I'm not sure if i want to do that indepth
as long as i can get a working knowledge of linear regression i can move on to other stuff
or at least thats my hope
Yeah
What about elements of statistical learning?
thats the one im thinking of picking up
That depends a bit on your level in maths
ESL has an overlap in authors with ISL, but is much more math heavy
I have a minor in math, took probability & statistics, linear algebra, calc 1-3 and differential equations
and intro to econometrics (where i learned linear regression)
You can download a digital copy of ESL on the book's website so you can have a look
For free
oh thatd be quite nice
i was really hoping i didnt have to go back into learning maths until i started a masters
but i dont think it can be helped
thanks ill be taking a look at these during my commute
but going back to my linear regression
any suggestions on what to do with the outliers?
Outliers are super important tbh
it depends
always depends on your end goal..
state your goal first.. never jump to the algorithm.. I wish I could pin this somewhere..
this is log(total_sales) ~ avg critic score/avg user score
much better yea?
looks like a whole bunch of dots and a line..
what is the avg user score stand for
does*
its percent
based on metacritic
user scores
a 100 would be an avg user score of 10
what are they using..
what is the total sales.. sales of what?
video games
this is total sales of video games
so you want to relate user score to sales..
yes
well originally wanted to do user scores, but it seems like critic scores are much better
user scores seem very arbitrary.. how does it relate to sales.. in what sense
as in if they do more reviews, they're likely to have bought more?

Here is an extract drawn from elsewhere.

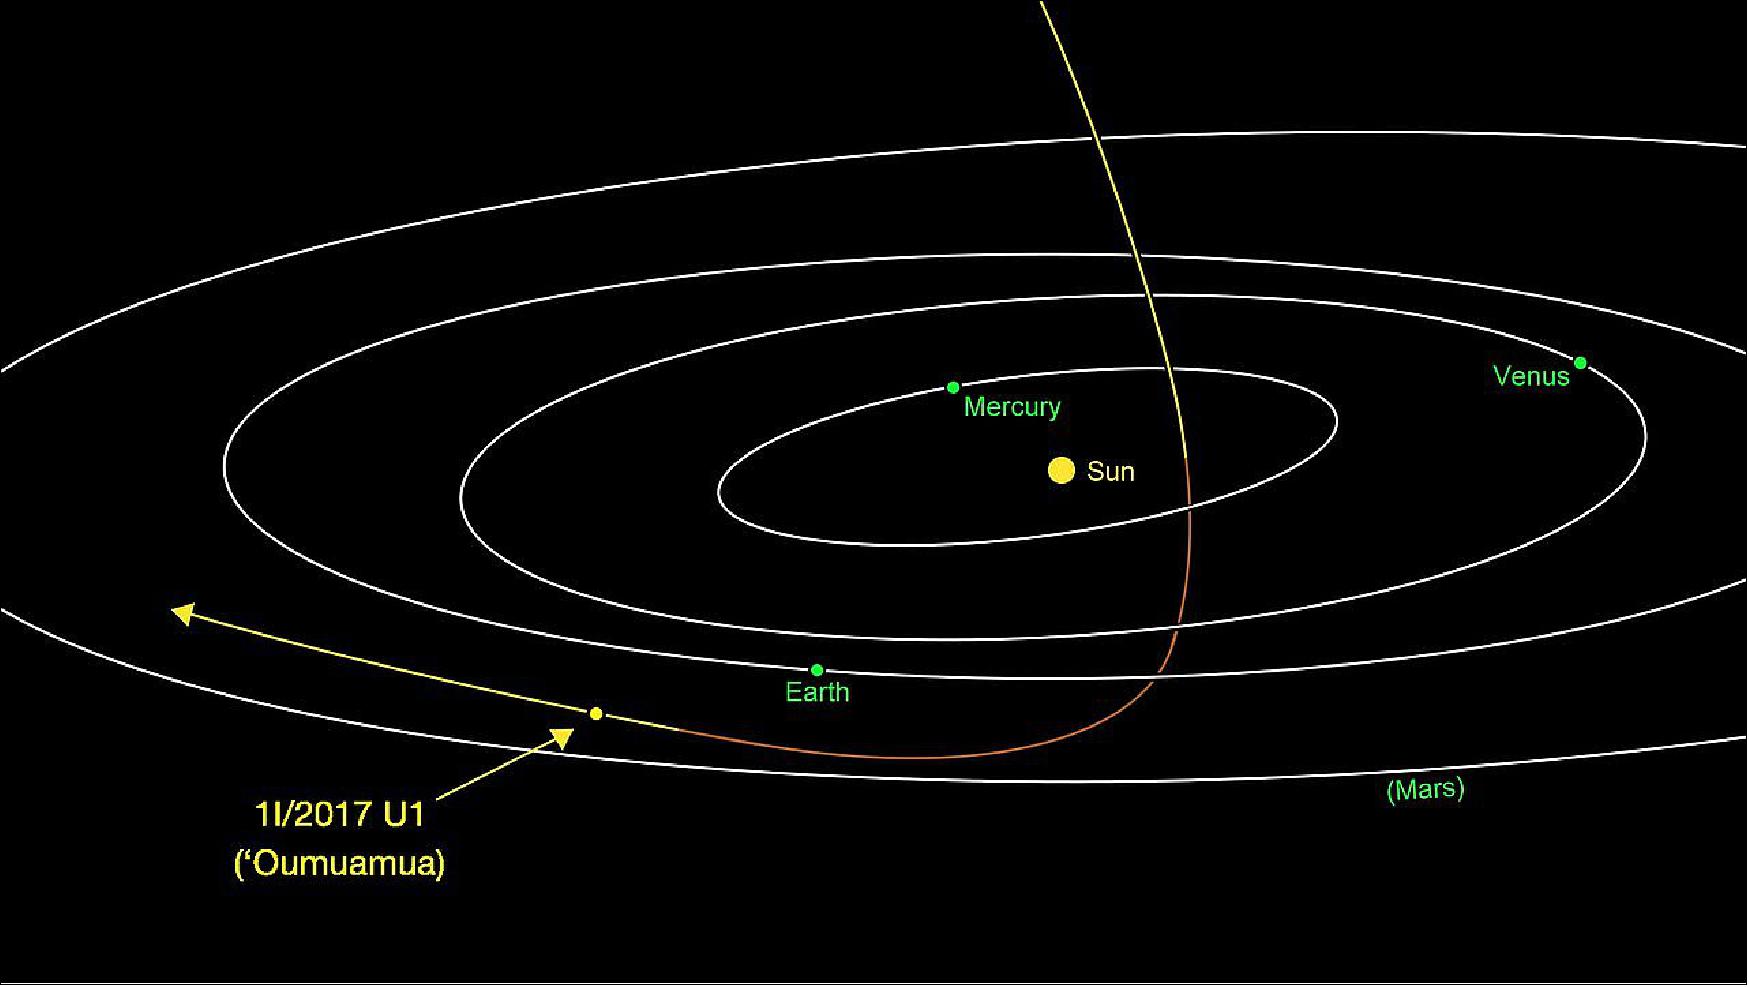 Figure 9: 1I/2017 U1 ('Oumuamua), previously known as C/2017 U1 (PAN-STARRS) and A/2017 U1, approaching from above, it was closest to the Sun on 9 September. Traveling at 44 km/s, the comet is headed away from the Earth and Sun on its way out of the Solar System (image credit: NASA/JPL-Caltech/IAU)

A game that has higher user score will encourage more people to buy it
I assume people dont buy random games and rely on reviews to see wether buying a game is worth it
ok.. so the correlation here is that a game with higher user score is likely to have more buyers..
yes
but that doesn't relate to total sales..
by total sales I guess you might be including sales for all games
total sales for that game across all platforms
ok.. while there may be a correlation.. this is not the right way to scale this.. perhaps you have other metrics to relate it to? but what is your end goal?

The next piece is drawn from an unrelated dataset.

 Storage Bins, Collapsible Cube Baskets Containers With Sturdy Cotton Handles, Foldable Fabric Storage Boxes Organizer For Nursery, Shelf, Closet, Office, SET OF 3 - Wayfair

do you seek to understand what factors influence sales? do you want to find ways to increase sales?
its a side project, I'm an avid video gamer and i hate it that publishers put so much weight on the critic scores and don't seem to care about user scores
so i was trying to prove that user scores are a better metric for gauging how many sales a game will have than critic scores
ok.. if there is data available on how those scores changed over time, you can plot that against sales over that period
No that was one of the things i was aiming for
and if you're goal is to show that particular score affects sales, you can overlay multiple game sales over that
price, scores over time and total budget allocated to the game (particularly marketing budget)
but i couldn't find that data
all i could find was sales, sales by region, user scores, critic scores, esrb rating, genre, platform, developer, publisher, release date
ok you kinda need that for your objective..

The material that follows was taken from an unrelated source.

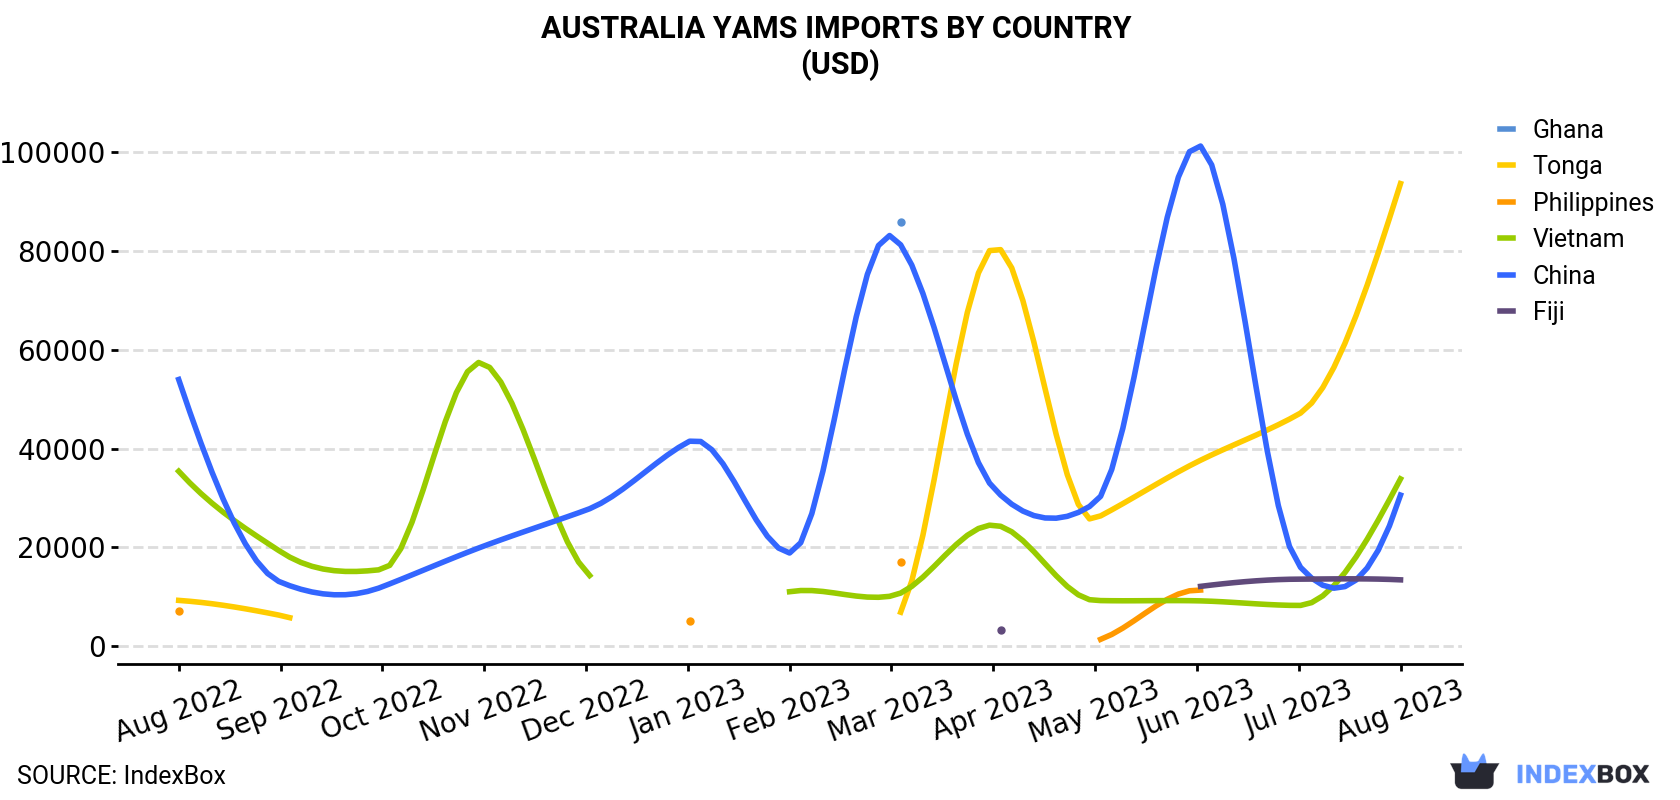 Australia Yams Imports By Country (USD)

if you're doing it for one game.. or multiple games..
a less trustworthy correlation would be to plot point graph of your concerned scores vs total sales per game.. for multiple games.. in one graph..
that will show some sort of correlation, maybe.. but it's very loose..
or.. correlation plot, of the same game sales across multiple platforms .. include all the other data that you mentioned (and think probably relate to the sales) including the scores .. and you'll get a heat map of correlation along with some preliminary values
Thats the same conclusion I reached.
Welp, like I mentioned this is the first time doing a linear regression project with data I gathered myself so I wasn't too optimistic
hopefully it shows that I do kind of have an idea of what im doing so i can put it in a portfolio/resume.
can someone help me understand the graphs here
at the very bottom
anyone? :<
I just need a simple explanation of the difference between the graphs..
Just gonna wait here.. I'm sure there's someone on here who understands this stuff
What did you not understand @lapis sequoia?
Anyone willing to advise a newb working on a non-linear regression problem? I'm simply trying to emulate one of scikit's stock examples (https://scikit-learn.org/stable/auto_examples/svm/plot_svm_regression.html) with my own dataset.
I'm not sure why my RBF code plots multiple lines.
made a post on r/learningmachinelearning as well to maximize exposure: https://www.reddit.com/r/learnmachinelearning/comments/aubvmo/help_a_newb_with_a_simple_regression_exercise/
@hasty maple how is the posterior being plotted for each vote and what does the graph mean when opinionated prior is above or below indecisive prior
anyone?
can someone explain the 5 percentile part to me..
I've been at this a while now :v
Ok so, im trying to analyze total sales of video games, and one of the thing I've noticed is that all of the outliers are games that are played extensively in multiplayer, since I believe that sales in these games are exponential (because if one person gets it then their friends are more likely to get it and each of those person's friends are more likely to get it etc.), it would be appropriate to take the log of total sales when doing the regression?
I was going to try to add wether a game is multiplayer or not as a variable but I don't have the data unfortunately
@mossy dragon , you can get multiplier information via python script, parsing the game on https://www.igdb.com/discover for example
IGDB.com is a video game community website, intended for both game consumers and video game professionals alike.
simple script will do the work
So, in every game page, you will find this tag.
<a class="block" href="/game_modes/multiplayer" itemprop="playMode" rel="tag">Multiplayer</a>
you welcome! I am not sure, how complex it is going to be, but I assume, in couple of lines, you can make it work
def multiplayerfinder(name):
result = ;list(somestufftoparse)
return 1 if "multiplayer" in result else 0
and then you can apply it as new column to your dataframe
kinda silly function, but should do the job
im very heavily interested in budget info
you know another website that has budget info for games?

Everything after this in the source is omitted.